Firefox has an option to turn it off. I think it's the only browser with that.

------
aledalgrande
The lesson I think is to be learned here, is that without passion, even money
cannot help.

If CEO and top executives really cared about a startup for dogs, they would
have come up with solutions for the most recurring problems (e.g. dogs getting
lost, or mistreated). How hard is to make a leash with GPS in it and track it
in an app? Or to give mandatory basic training to any new contractor?
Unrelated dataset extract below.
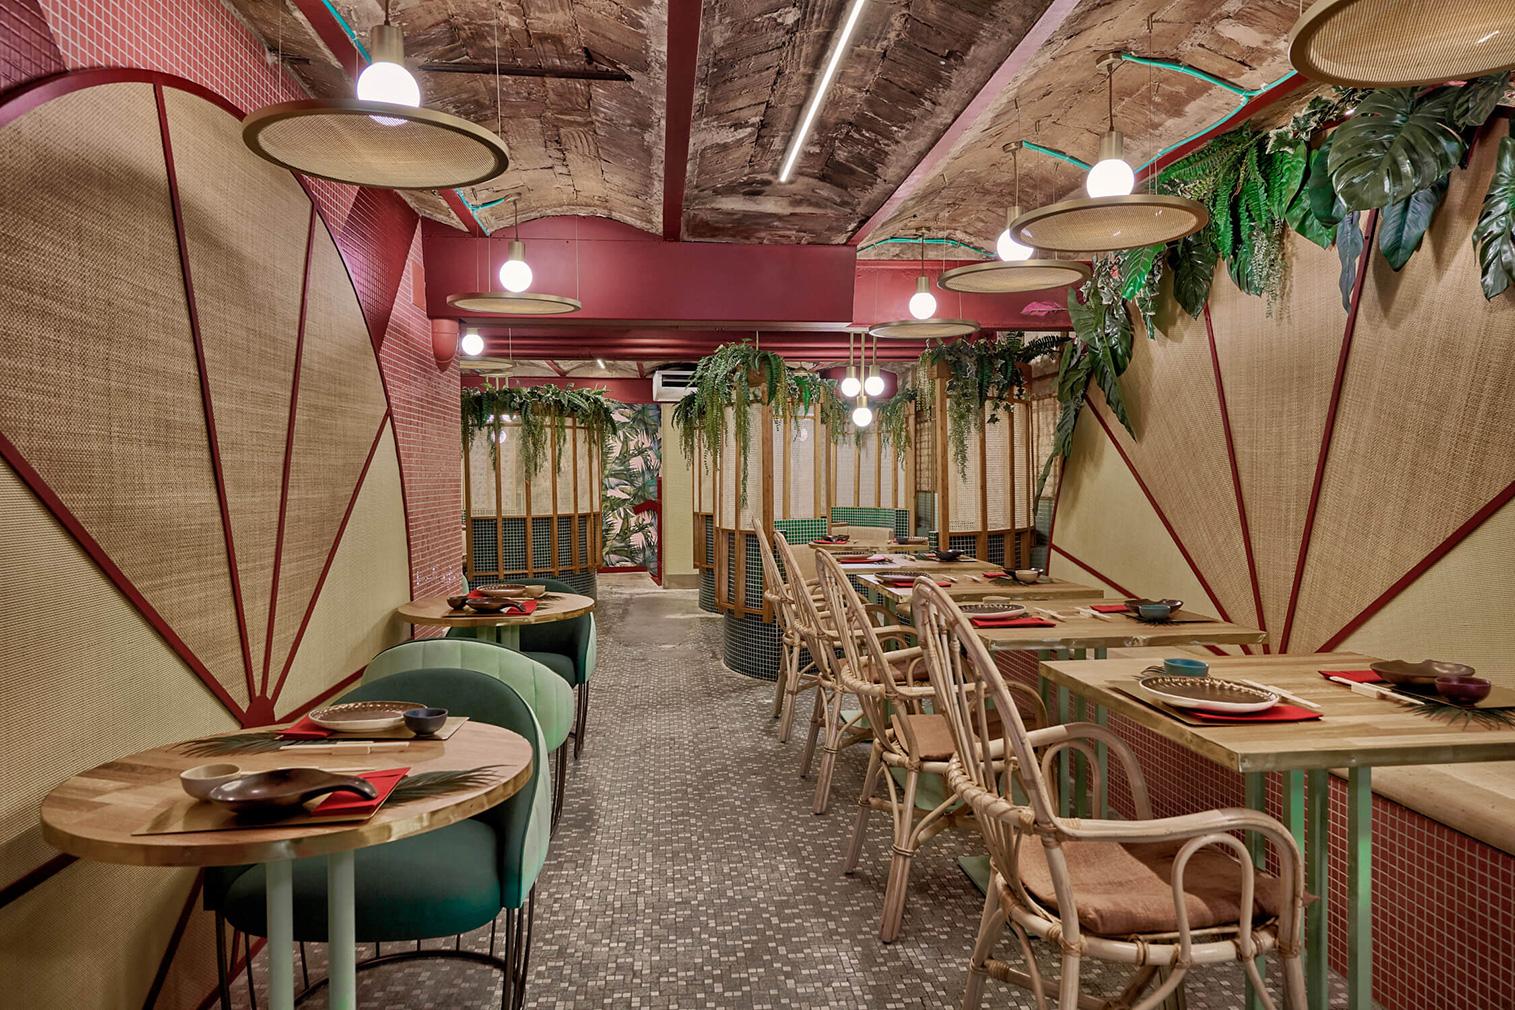 Plants burst out of the walls at Valencia's Kaikaya sushi bar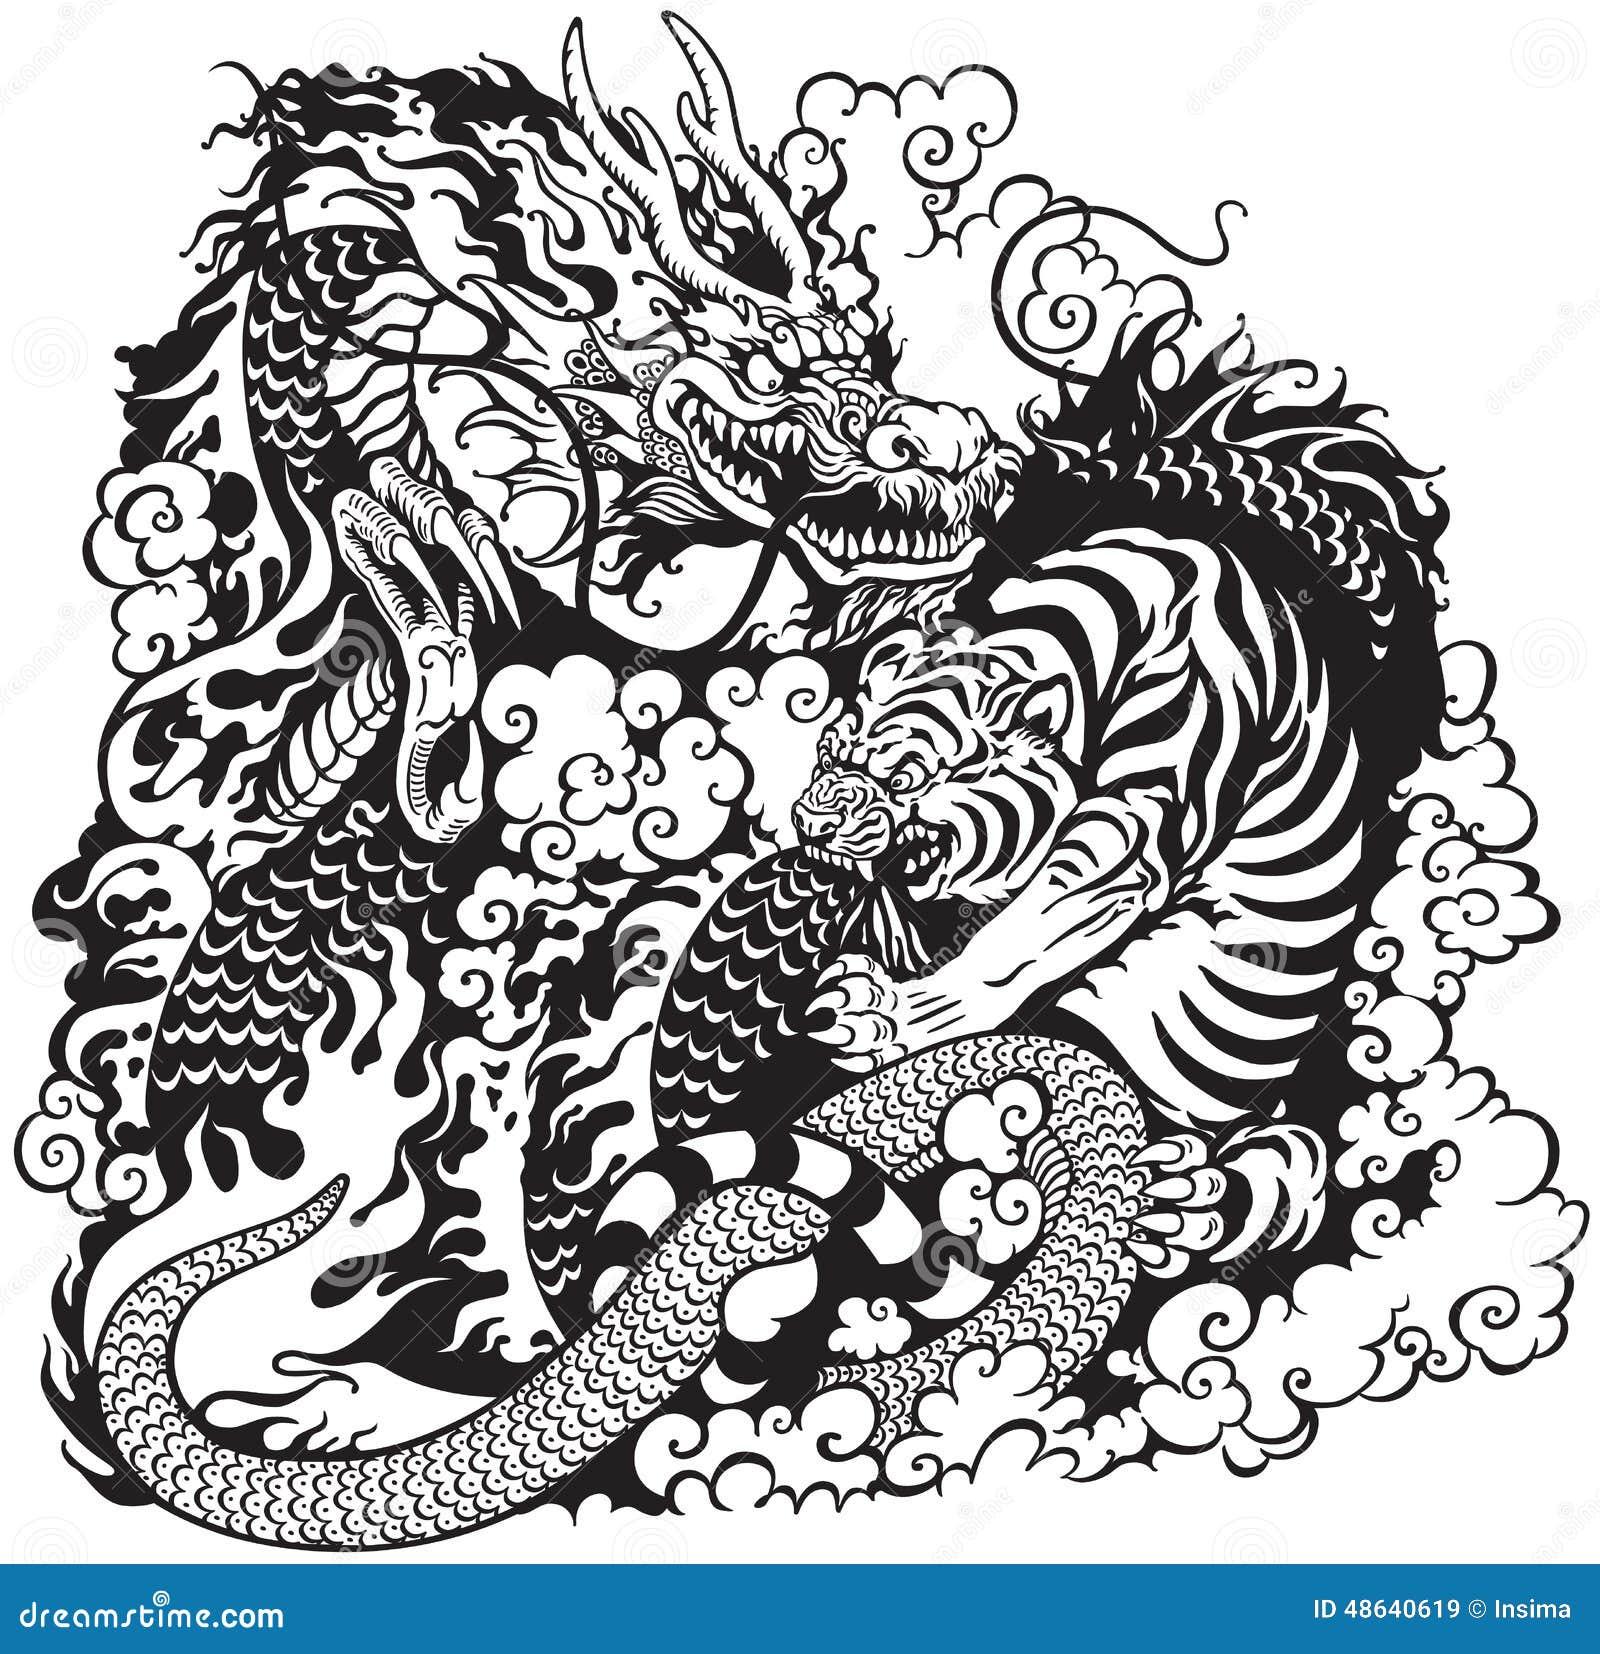 龙和老虎战斗,黑白纹身花刺例证.

Also the way they treated the customer service employees is disgusting.

------
jacquesm
Plan to get taken for a walk, end up getting taken for a ride. Figures.

------
reilly3000
I don't think that a good company can grow from a massive investment that
early. The VC fund wants the company to spend the money and grow value
quickly, not sit on it for years. That puts pressure on leadership to waste
time and money worrying about building out offices, hiring top talent,
contracting with big agencies, etc. None of that work has anything to do with
building a quality product, growing a functional culture, or paying attention
to what customers are saying. It suspends financial reality for both
leadership and rank/file; instead it encourages waste.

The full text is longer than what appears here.